Hey everyone! I went to the N. GA Premium Outlet CCO yesterday, and I just wanted to give a rundown of what I saw there... This is not what I bought, but what I saw (& remember). I hope this helps...

Paint Pots:
-Fresco Rose
-Rubanesque
-Soft Ochre
-Greenstroke
-Indianwood

Brow Sets
The ones that slide out with two colors (one for brow definition, one for highight)...they had 4 different colors

Fluidline
I don't know the names, but they had the silver, purple, blue, green...maybe some more


Concealer:
-only NW or NC50 (can't remember which) in Studio Finish
-A lot of shades in the Select Moisture Cover (tube w/wand)

Lippies:
-almost all Tendertones
-lots of tinted lip conditioners (in stick form)
-lots of lipstick
-lots of slimshines

Foundation:
-Studio Sculpt in NC25, NC40, & NC42 or 45
-Studio Fix Fluid in lotta shades
-Mineralized Satin Finish in lotta shades
-Studio Tech in lotta shades

Eyeshadow:
Lots of Starflash
-TALENT POOL
-TOP HAT
-SUNSET B.
-BOLD & BRAZEN
-GRAND ENTRANCE
-GLAMOUR CHECK
-MINK & SABLE
-DREAMMAKER
-GO
4 or 5 different Eyeshadow duos that slide out (dunno what they're called)
Lot of the mineralized eye shadows that have 3 stripes (glitter in the middle)

Blush
HUGE selection, these are a few I could remember
Mineralized
-Dainty
-Pleasantry
-Nuance

Beauty Powder
-Fleur Power
-Both Neo Sci Fi's
Way to many to name

They had a lot of skincare stuff in old packaging
-Fix+
-Quick Eye repair (the stuff with caffeine in it for poffiness)
-Green Gel Cleanser
-Blot Film


That's all I can really remember. 

**PLEASE NOTE**: the ladies that work there are somewhat rude. If you spend more than 10 minutes in there, they look at you like you're a thief, and they boldly ask you if you're selling things on Ebay, stating that they're not allowed to sell to you if you are. THE NERVE!! After my friend & I told them that we were just addicted to the line of products & that's why we know/buy so much, they started to be nice to us, but we felt like the damage had already been done. 

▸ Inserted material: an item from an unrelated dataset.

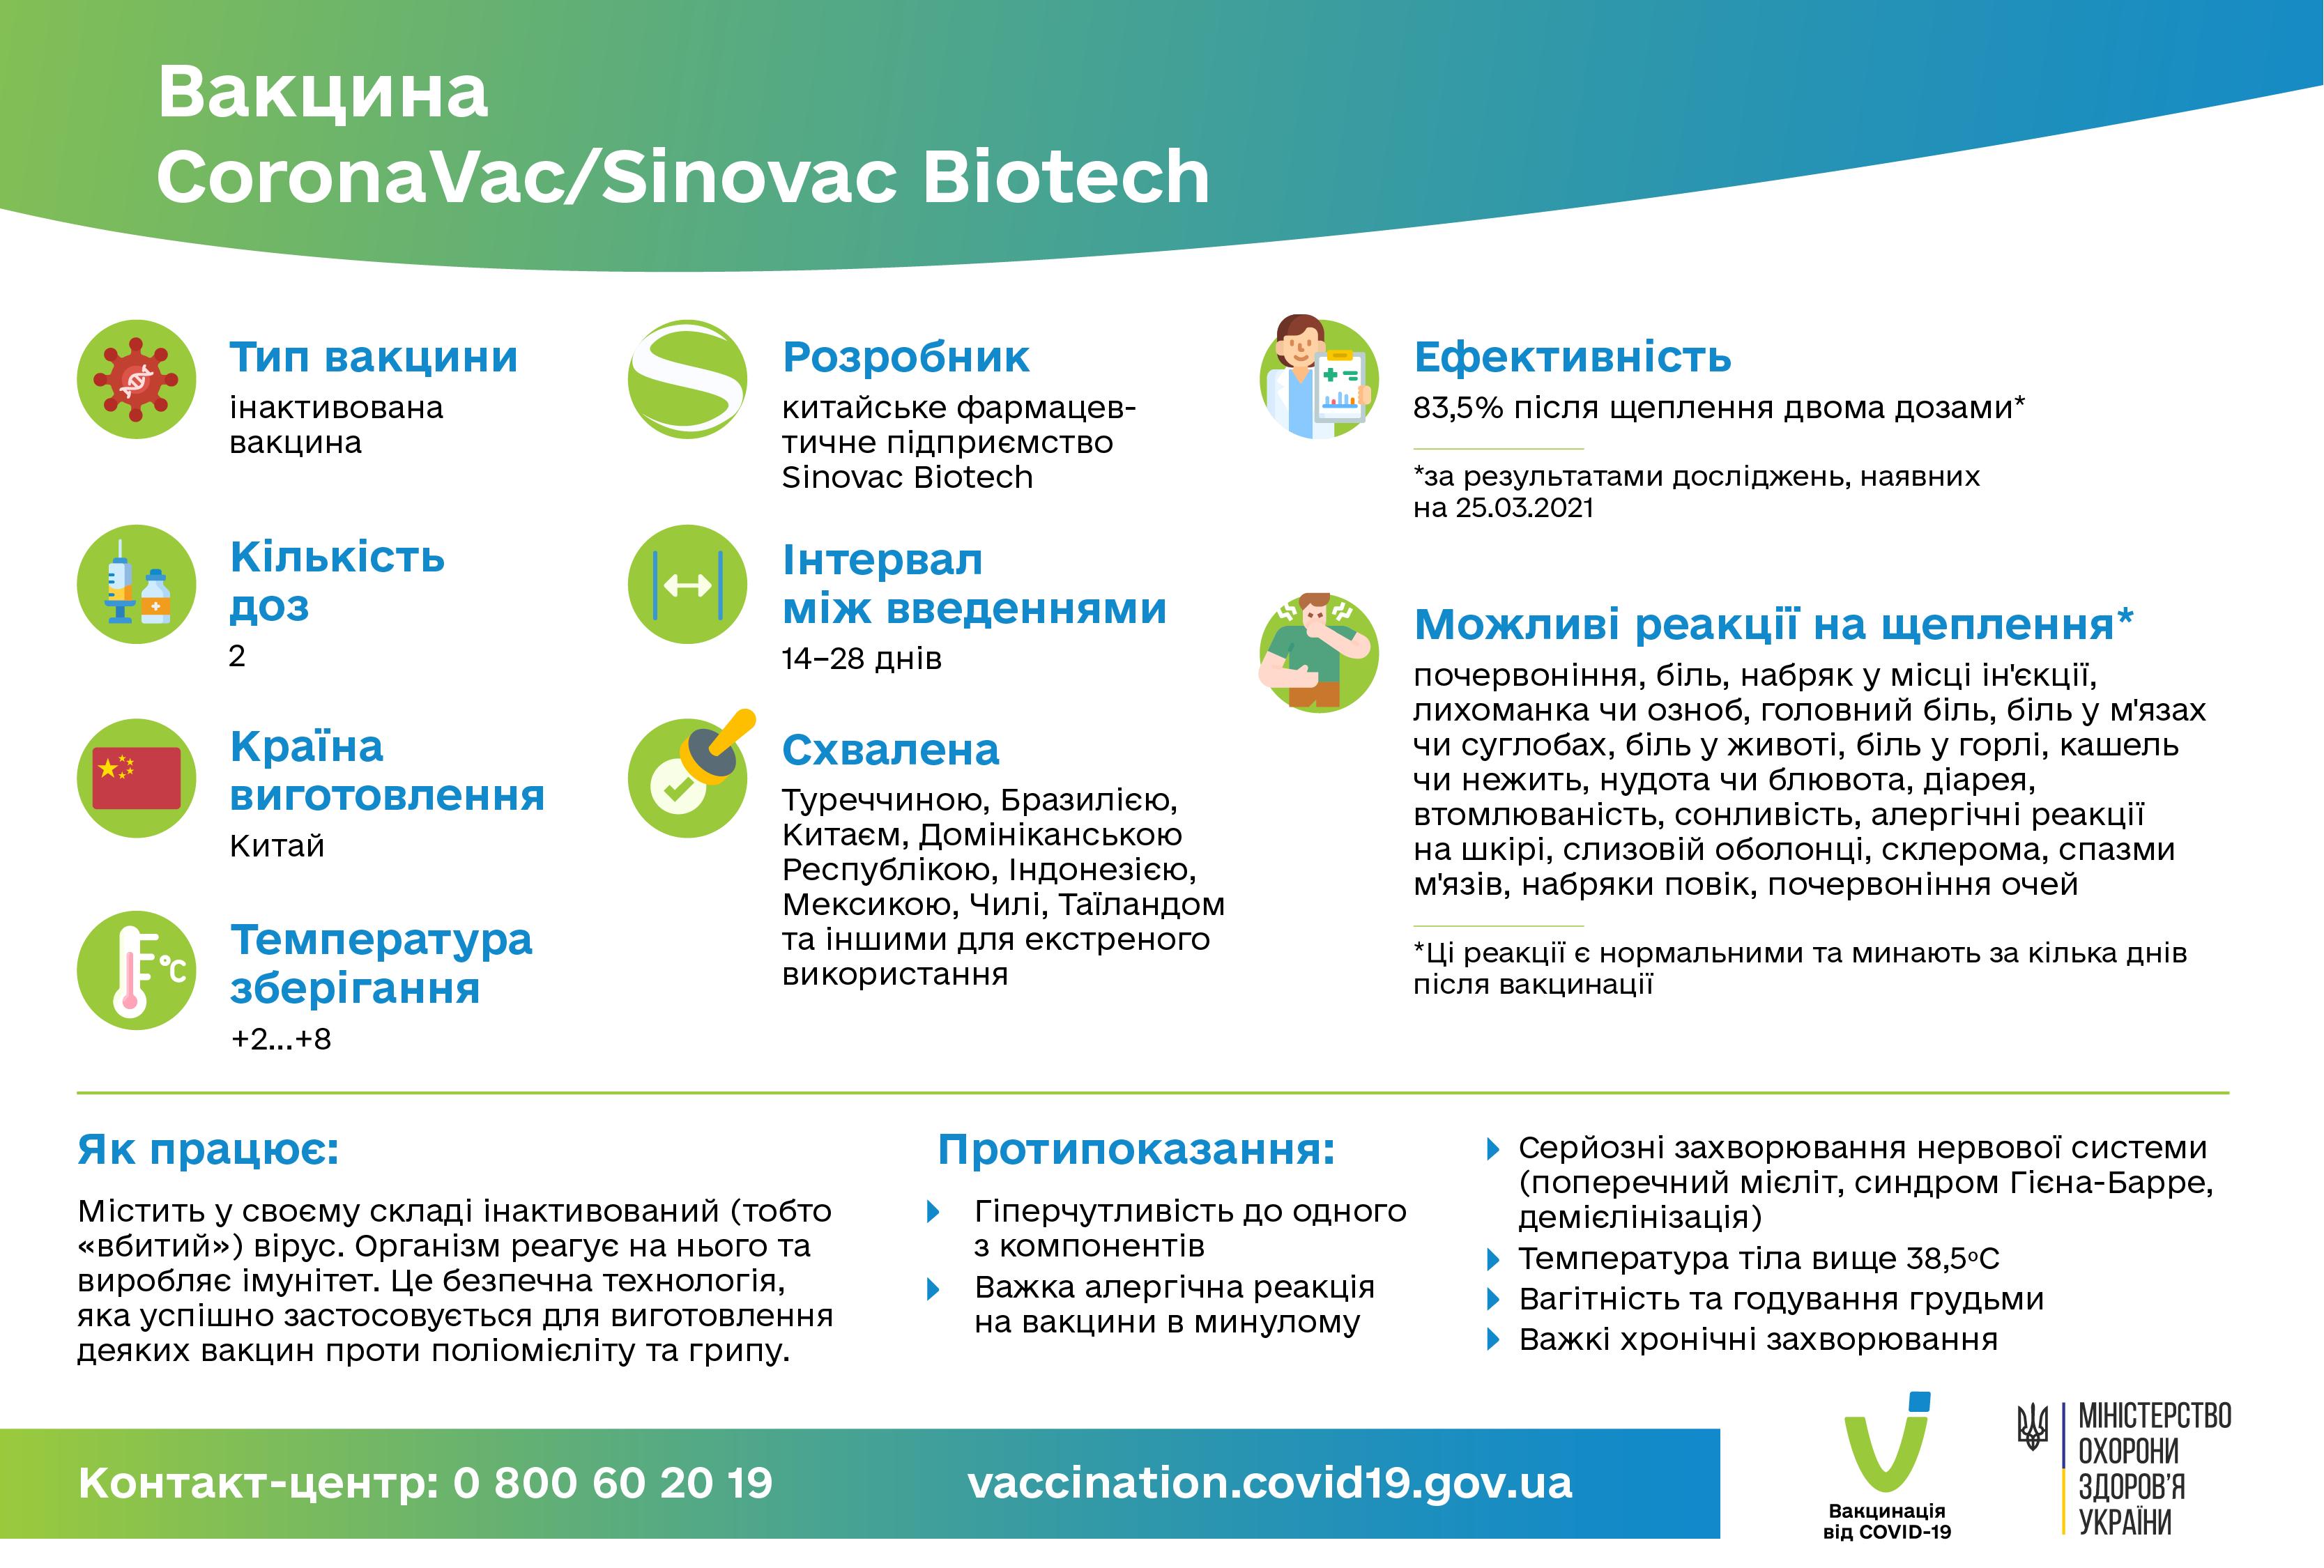 CoronaVac-Sinovac Biotech

Also, they don't have samples out of everything they carry (esp paint pots, sadesticks, etc). If there's a particular color/shade of something you want, ask them to check the stock. Again, they'll be rude to you b/c they act as if you're bothering them (when they're really just doing their job!)...but at least you'll get the color you want!!

BOTTOM LINE...
If you're in the Atlanta area, it's worth the exta 1-2 hours (depending on where you live) to check this place out. The selection is probably triple that of the Discover Mills CCO in Lawrenceville.

Happy Shopping


----------



## MBPhD (Mar 20, 2009)

I'm planning on going to the one in Dawsonville tomorrow morning... wish me luck!


----------



## disconlemonade (Mar 22, 2009)

Quote:

   Originally Posted by *MBPhD* 

 
_I'm planning on going to the one in Dawsonville tomorrow morning... wish me luck!_

 
Do you happen to remember what shades of Studio Sculpt that had left? Any other goodies?! 
	

	
	
		
		

		
		
	


	




 I'm planning on hitting the store tuesday


----------



## nebbish (Mar 22, 2009)

OMG I haven't had a chance to hit Discover Mills, but I went to the other place in January. I thought I'd died & gone to heaven! lol
I got an eyeshadow [Climate Blue], a LiquidLast liner in a looovely purple shade, and Select CoverUp concealer in NC15... I think I spent thirty bucks.


----------



## puja1204 (Mar 27, 2009)

Quote:

   Originally Posted by *disconlemonade* 

 
_Do you happen to remember what shades of Studio Sculpt that had left? Any other goodies?! 
	

	
	
		
		

		
		
	


	




 I'm planning on hitting the store tuesday 
	

	
	
		
		

		
		
	


	


_

 

I'm not sure if you've already been or not...I'm guessing I'm too late. But anyway, i went today (Fri. March 27th) & they had NW40 & NC40....more of the NC40


----------



## BrowneyedBeauty (Apr 25, 2009)

Anyone been recently? I'll be up that way this weekend!


----------



## driz69 (May 6, 2009)

If anybody missed out on the cult of cherry stuff like the quads. They have them and red she said and tons of other stuff at the CCO in Dawsonville


----------



## dethkloth (May 10, 2009)

I went today! They had a quite a few lipglasses (I got Chance Encounter), Racy 3D lipglass, and one lipvarnish but I forgot 
	

	
	
		
		

		
		
	


	




 I bought NC55 Spf 15 foundation, and Blue Peep Fluidline. Golden Olive pigment is there in addition to a few other ones, as well as a few mattene shadows. There was even a Fafi powder. I saw some Fix+, a few paints, glitter liners and duos. There was really a lot of stuff and everyone was very friendly to me. 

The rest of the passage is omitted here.